We will discuss three common operations we want to perform on text that are only fun when regular expressions are involved:
Asserting that text matches a pattern.
Finding all matches of a pattern in a document.
Replacing all matches of a pattern with some other text.
Today we focus on the first two of these. We will meet the operators =~ and !~ and the method String.scan. We will also capture portions of the matching text using the regex’s capturing facilities.
Let’s write regex to do the following:
Assert that the user input is all letters.
Assert that the user input contains at least two numbers.
Assert that the user input has no whitespace.
Assert that the user input is an HTML element.
Assert that the user input is a binary string.
Extract the index out of an array subscripting (e.g., 5 in counts[5]).
Tease apart the username and domain from an email address.
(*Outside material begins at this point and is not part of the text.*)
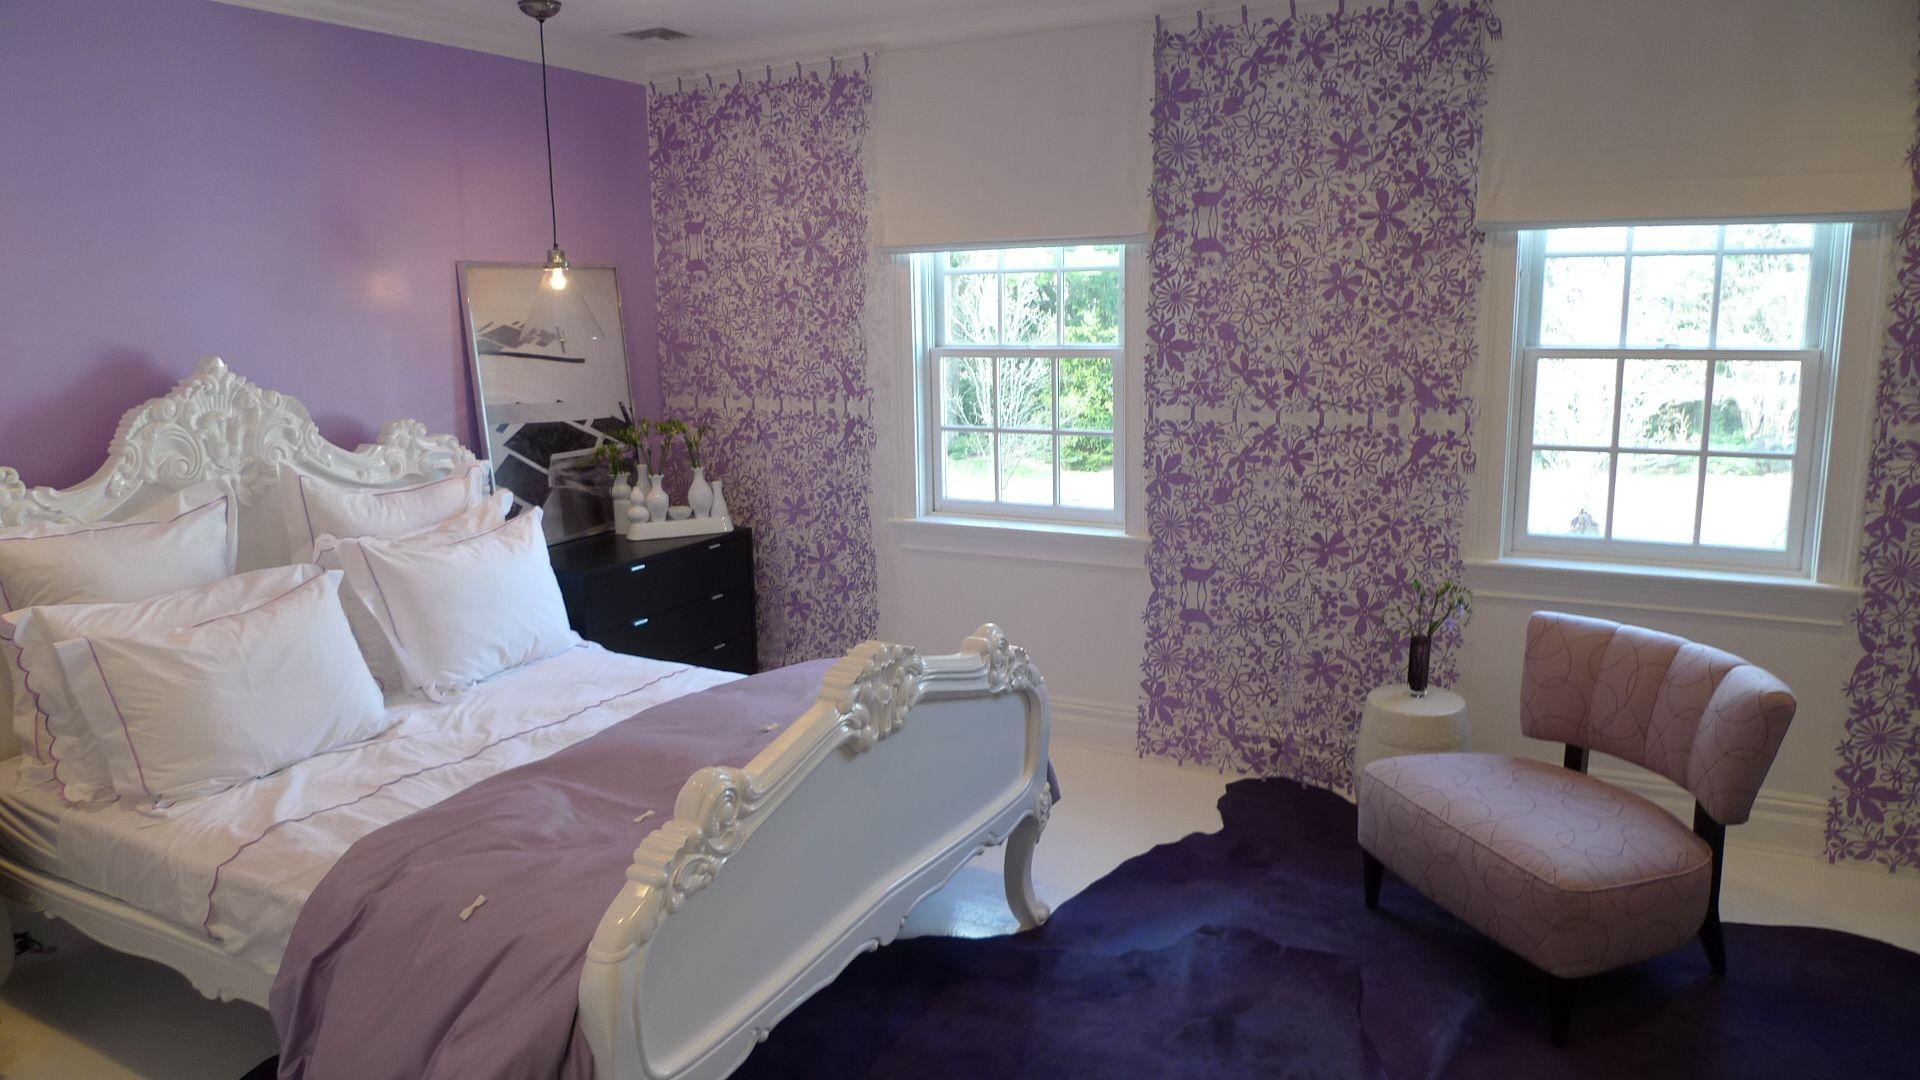 Lilly Wants A Lavender Room Purple Walls Light Purple Walls

Regex is probably overkill for this problem.
Extract the URL from an img element.
Print the name of the month given a date like MM/DD/YYYY.
The name of the primary class of a Java source file fed in as standard input.
Identify all the fields of study listed in a dictionary—the -ology, -nomy, and -nomics words.
List all the identifiers in a file.
List all the string literals in a file.
Here’s your TODO list for next time:
Solve this puzzle on LinkedIn. You may wish to practice at regexcrossword.com. Write your solution on a quarter sheet to be turned in at the beginning of next class.
For an extra credit participation point, create your own non-trivial 5×5 regex crossword on regexcrossword.com and share a link on Piazza.